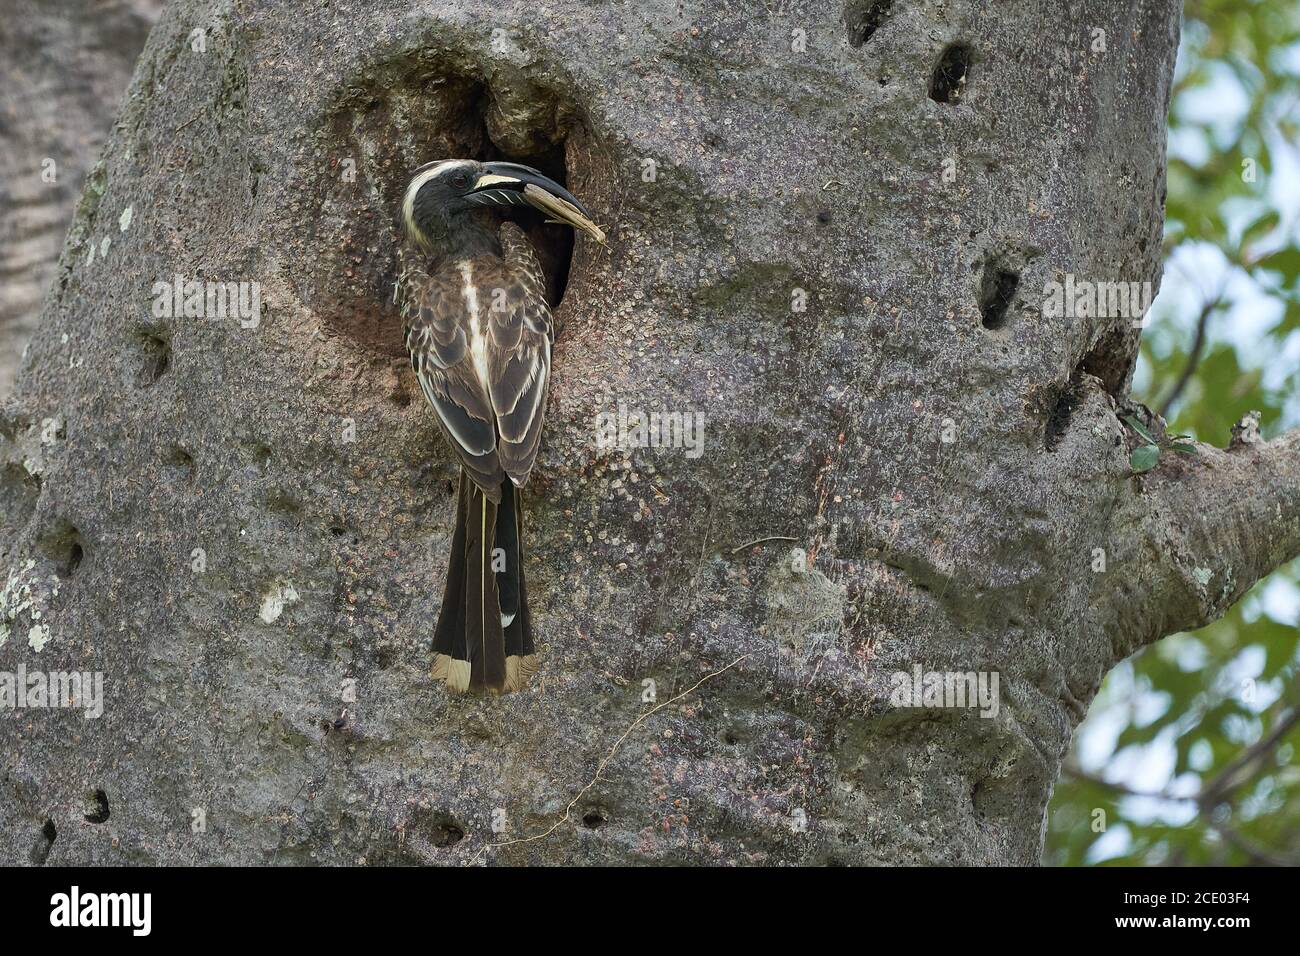 El pico de caballo gris africano Lophoceros nasutus tropical cerca de aves paseriformes encontradas en el Viejo Mundo. África. Retrato con insecto de comida Foto de stock
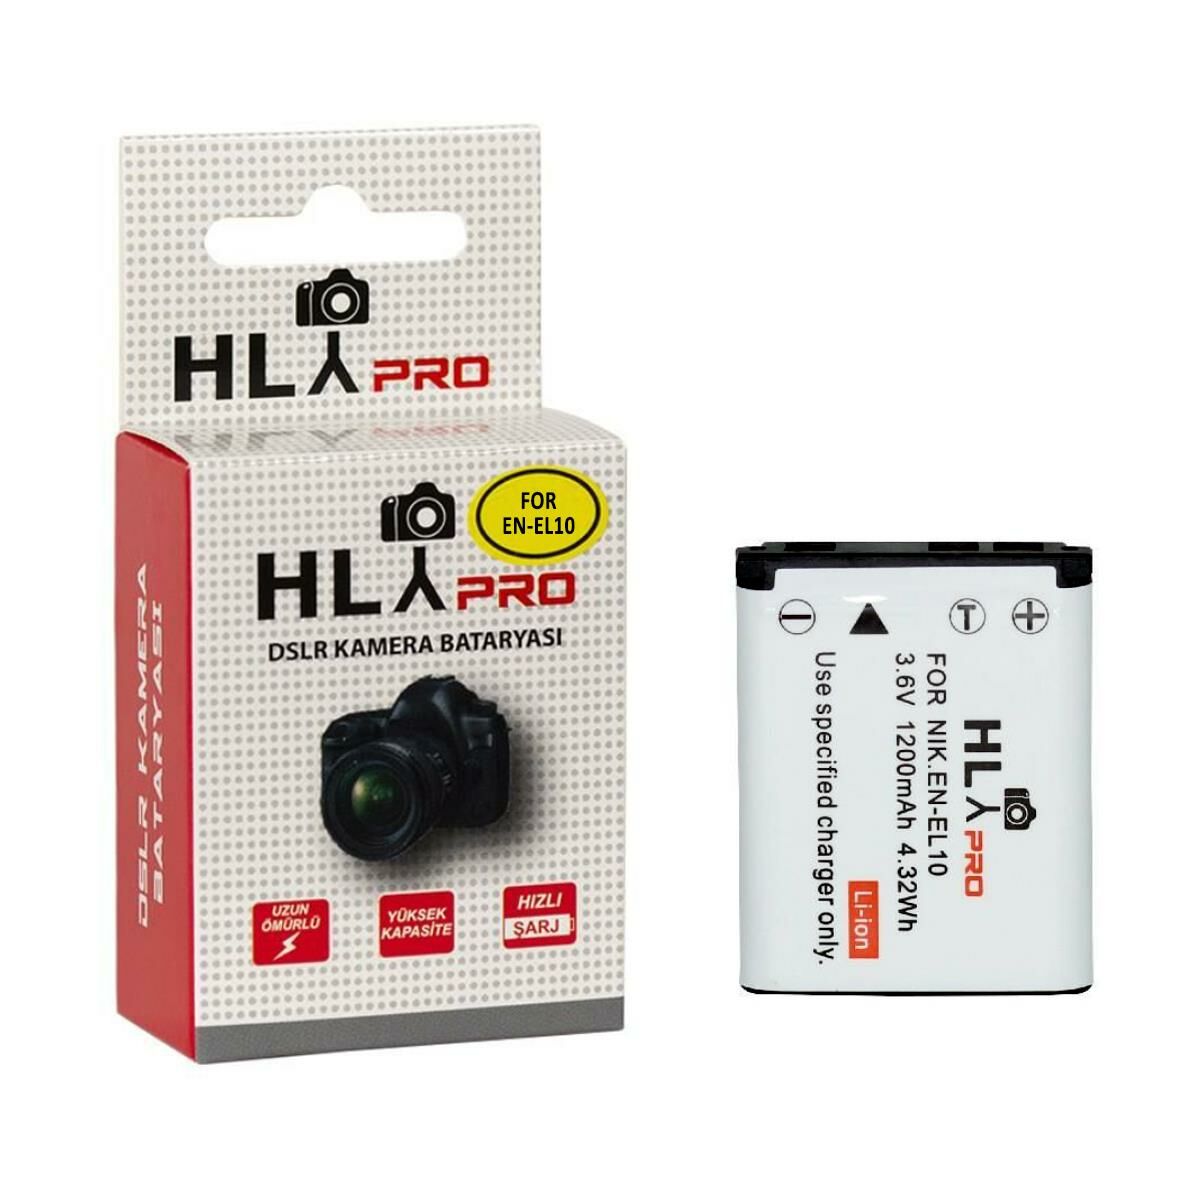 Hlypro Nikon Coolpix S500 için EN-EL10 Batarya
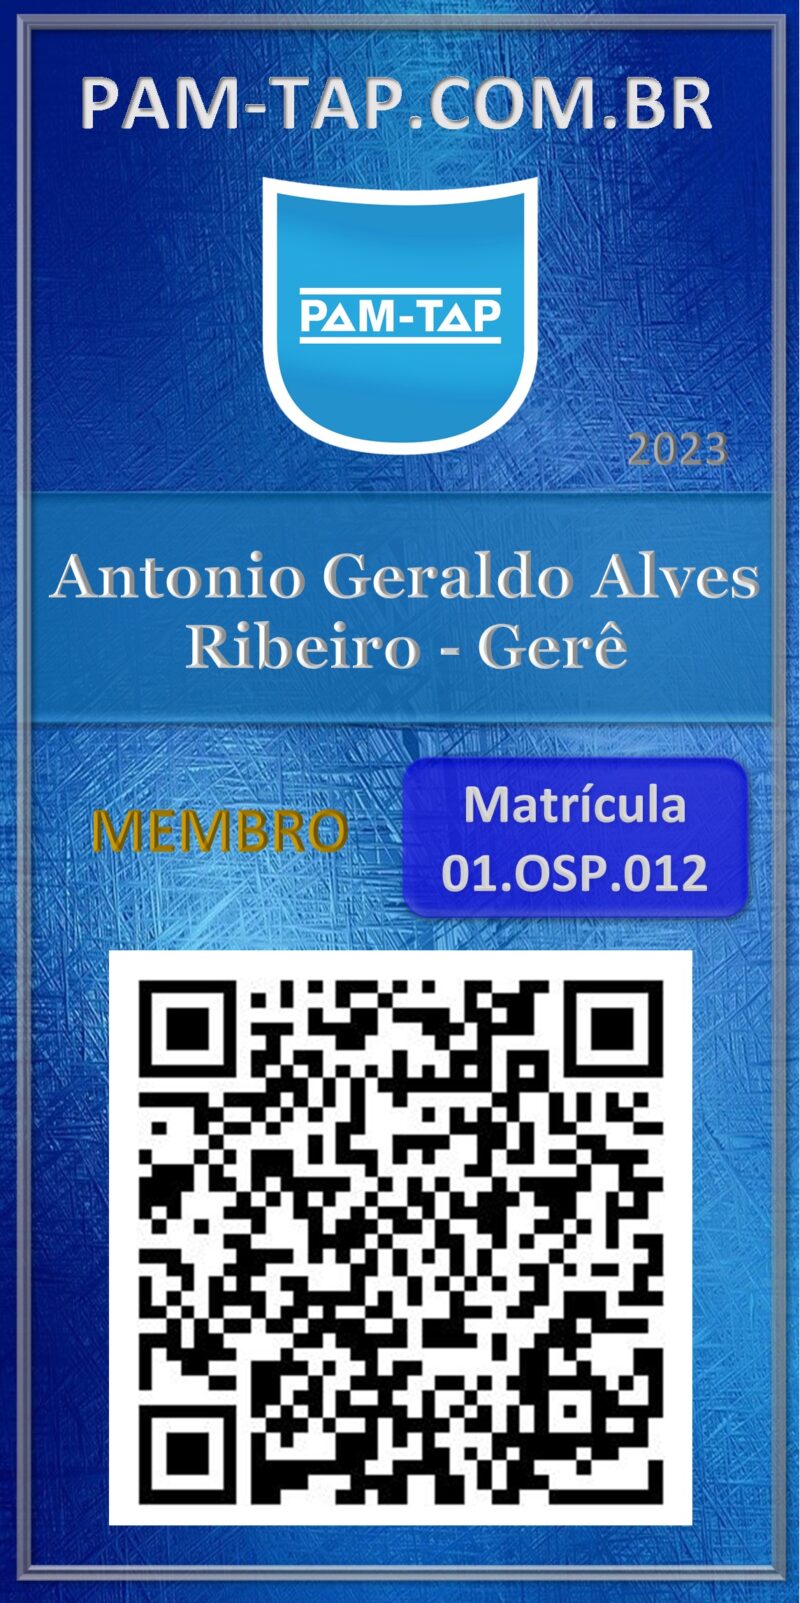 Antonio Geraldo Alves Ribeiro – Gerê-Hazmat 2022-Membro
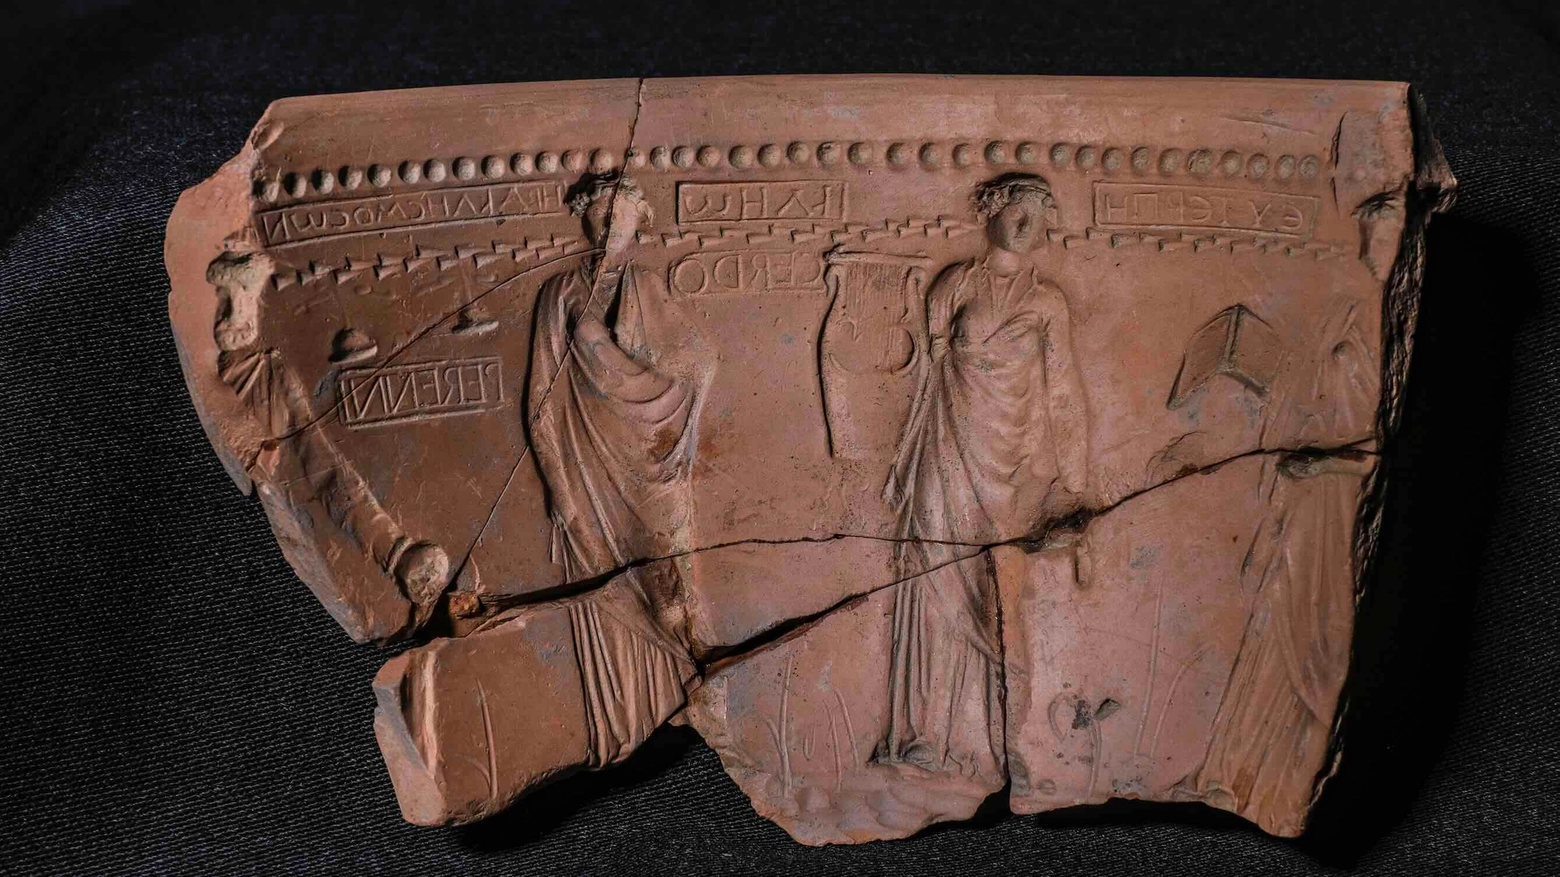 Il Museo Archeologico Nazionale ‘Gaio Cilnio Mecenate’ di Arezzo presenta una mostra che ripercorrere il legame tra la famiglia Vasari e la manifattura degli Arretina vasa
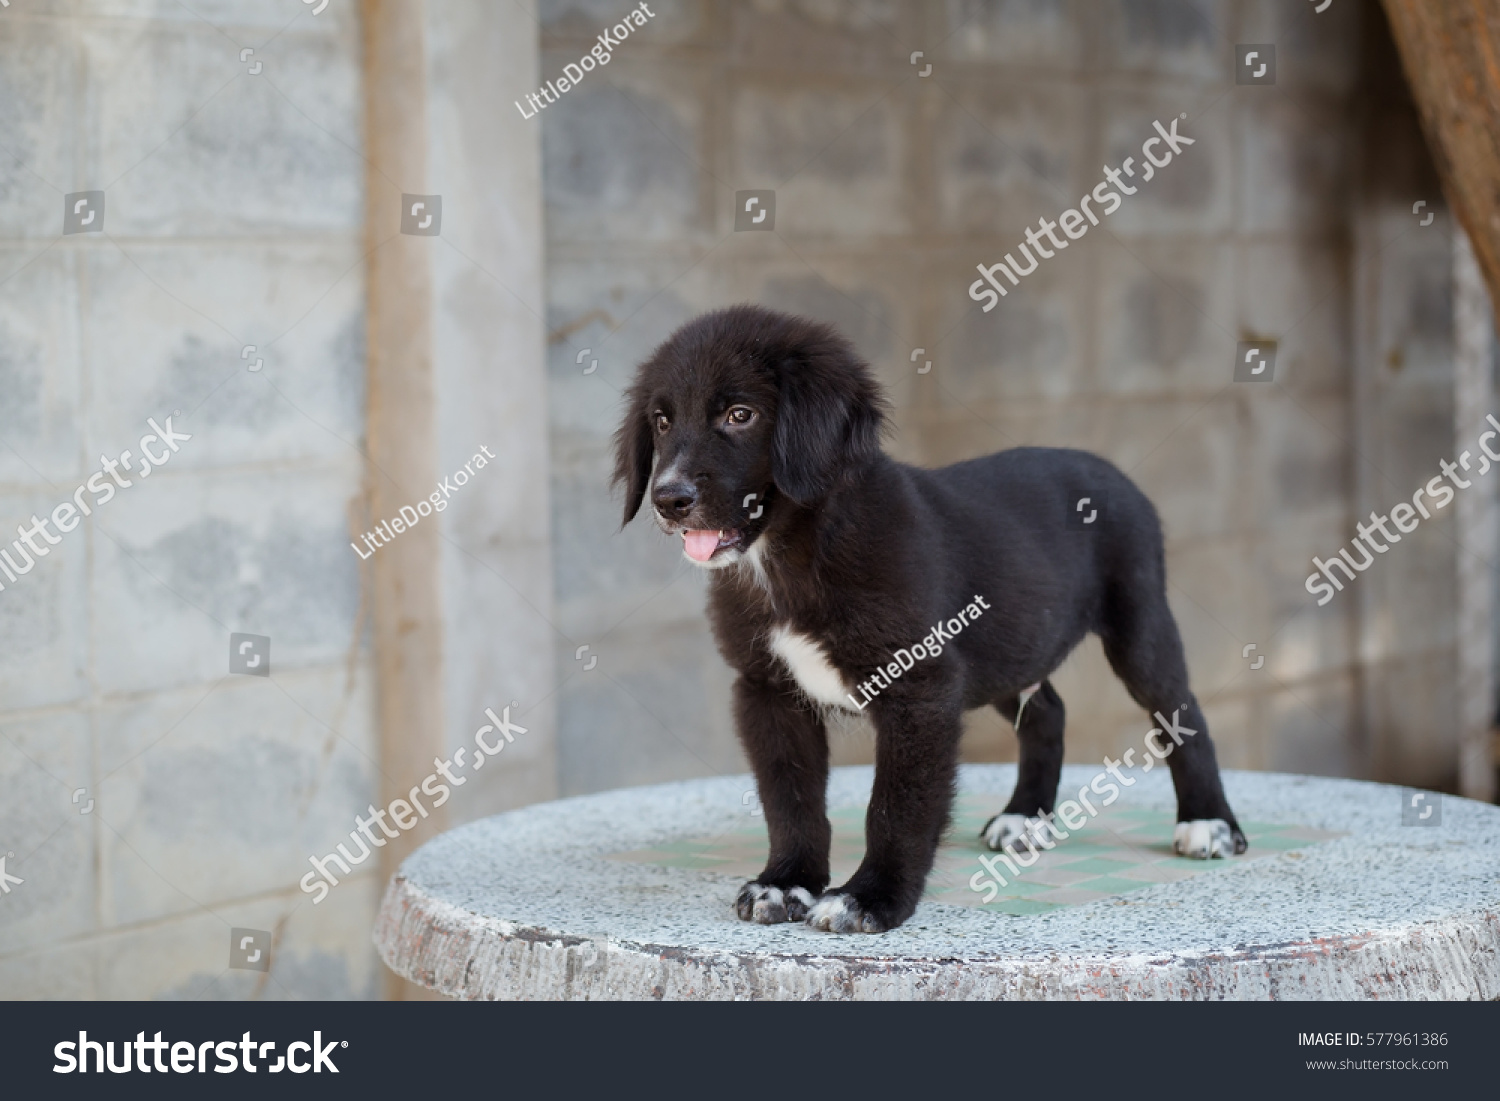 Cute Golden Retriever Mix Labrador Retriever Stock Photo Edit Now 577961386

Problem details: The preceding listing is to be restated word for word, with every picture omitted.

Answer for this exercise:
 El pico de caballo gris africano Lophoceros nasutus tropical cerca de aves paseriformes encontradas en el Viejo Mundo. África. Retrato con insecto de comida Foto de stock
 Hlypro Nikon Coolpix S500 için EN-EL10 Batarya
 Antonio Geraldo Alves Ribeiro – Gerê-Hazmat 2022-Membro
 Il Museo Archeologico Nazionale ‘Gaio Cilnio Mecenate’ di Arezzo presenta una mostra che ripercorrere il legame tra la famiglia Vasari e la manifattura degli Arretina vasa
 Cute Golden Retriever Mix Labrador Retriever Stock Photo Edit Now 577961386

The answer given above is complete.